Core Concepts
DARL unifies visual perception and generation through autoregressive and denoising diffusion models.
Abstract
1. Abstract:
- DARL uses a decoder-only Transformer for autoregressive image patch prediction.
- Training with Mean Squared Error (MSE) leads to strong representations.
- Diffusion objective with denoising patch decoder enhances image generation ability.
- Tailored noise schedules and longer training improve learned representations.
2. Introduction:
- Large Language Models (LLMs) popular for generative pre-training.
- Vision representation learning and image generation often use separate techniques.

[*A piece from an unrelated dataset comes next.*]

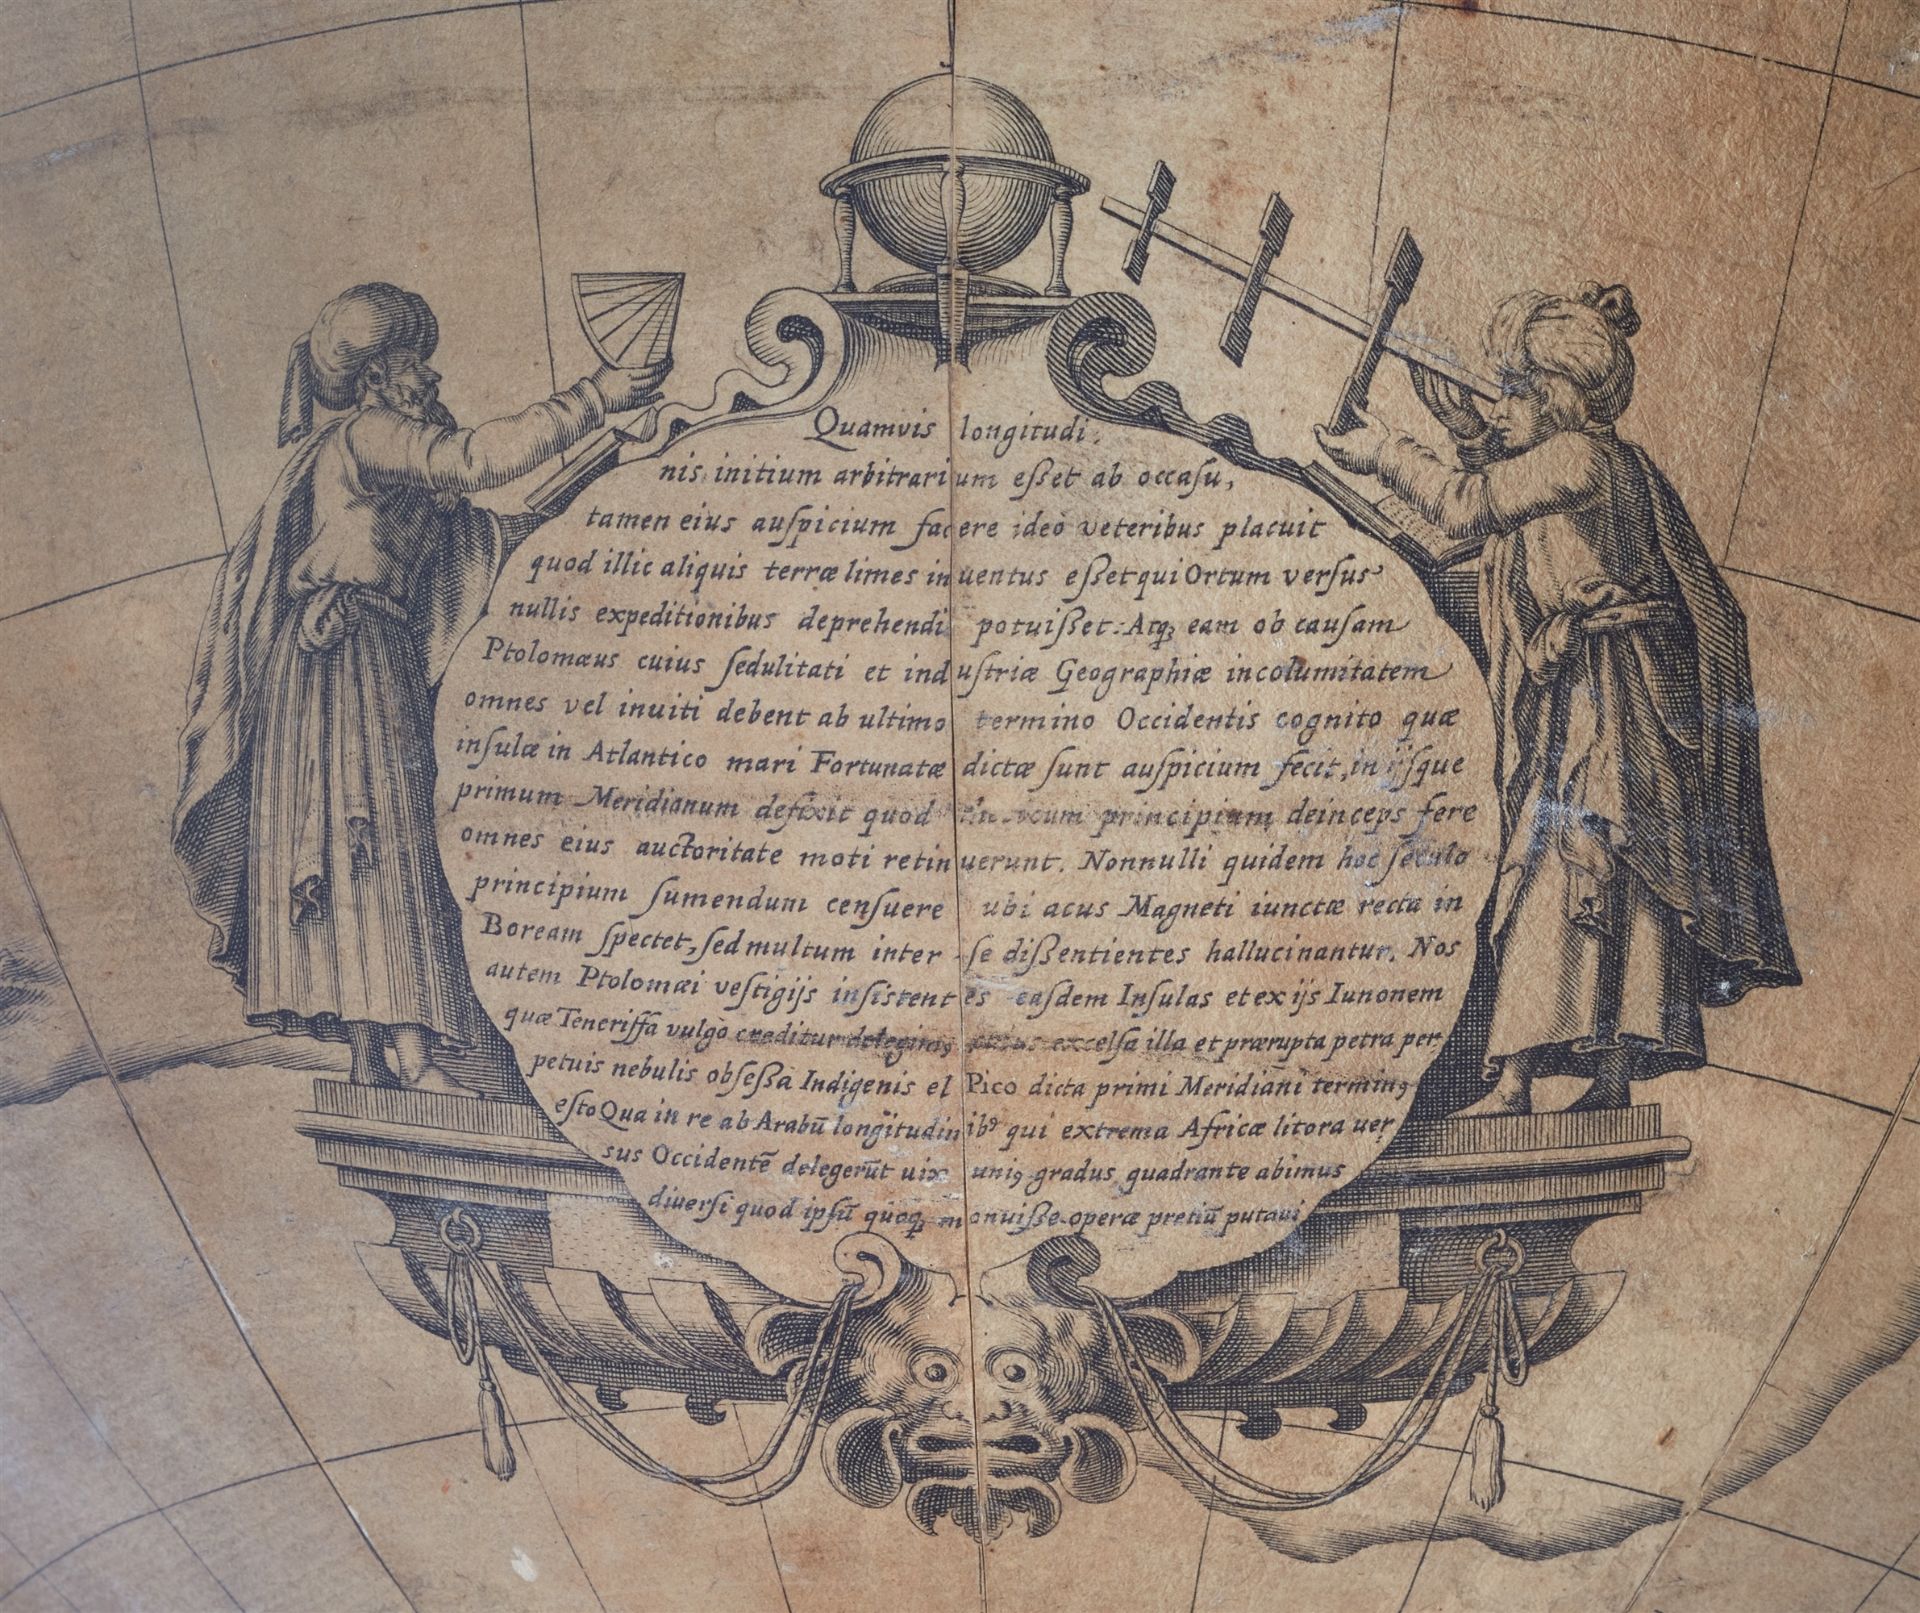 Celestial and terrestrial globes by Matthaeus Greuter - Image 6 of 6
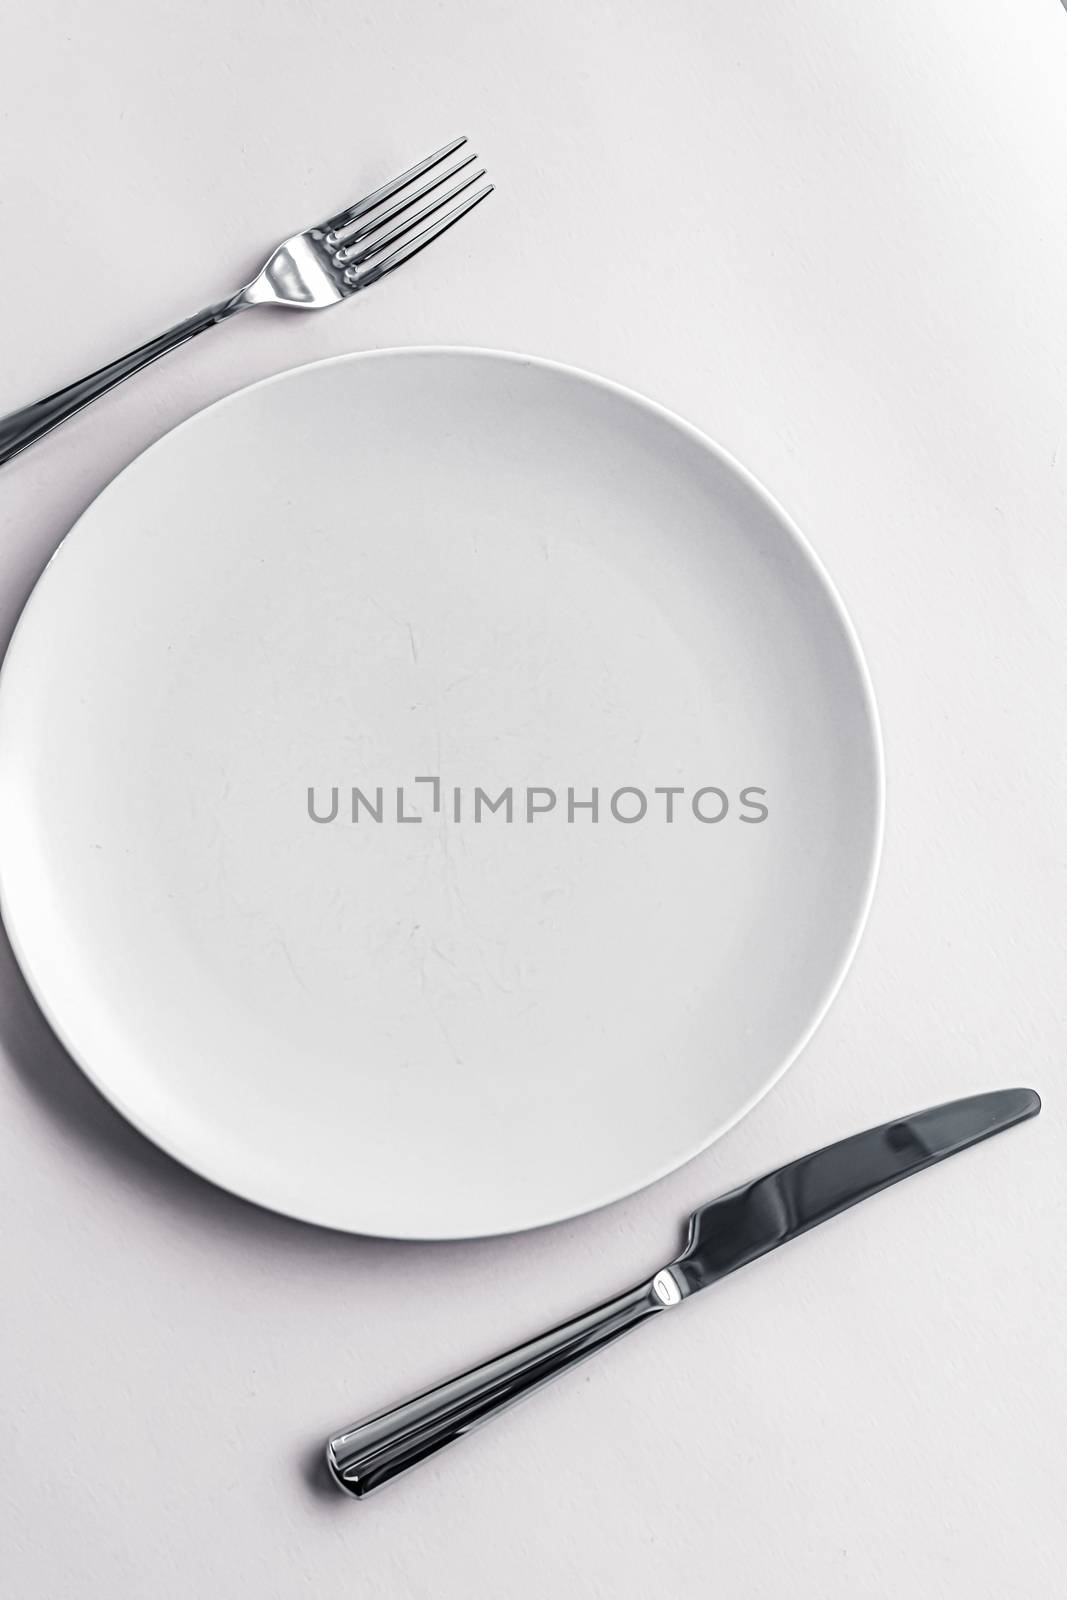 Empty plate and cutlery as mockup set on white background, top tableware for chef table decor and menu branding design

- Autoregressive and denoising diffusion models combined in DARL for unified model.
3. Denoising Autoregressive Representation Learning (DARL):
- Architecture: Vision Transformer backbone with causal attention masking.
- Rotary Positional Embedding for improved performance.
- Diffusion objective for multi-modal belief over patch content.
4. Experiments:
- Fixed patch ordering strategies compared to raster order.
- Random ordering with XLNet architecture shows longer training required.
- DARL achieves comparable performance to state-of-the-art models.
5. Impact Statement:
- Ethical concerns about image generation and dataset bias.
- DARL advances generative pre-training in the vision domain.
Stats
MSE 손실로 훈련하면 강력한 표현을 제공합니다.
모델 성능을 향상시키기 위해 확산 목표를 사용합니다.
모델 성능은 훈련 중 사용된 소음 일정에 의해 결정됩니다.
Quotes
"Despite its simple architecture, DARL delivers performance remarkably close to state-of-the-art masked prediction models."
"Our method significantly advances representation learning with generative pre-training."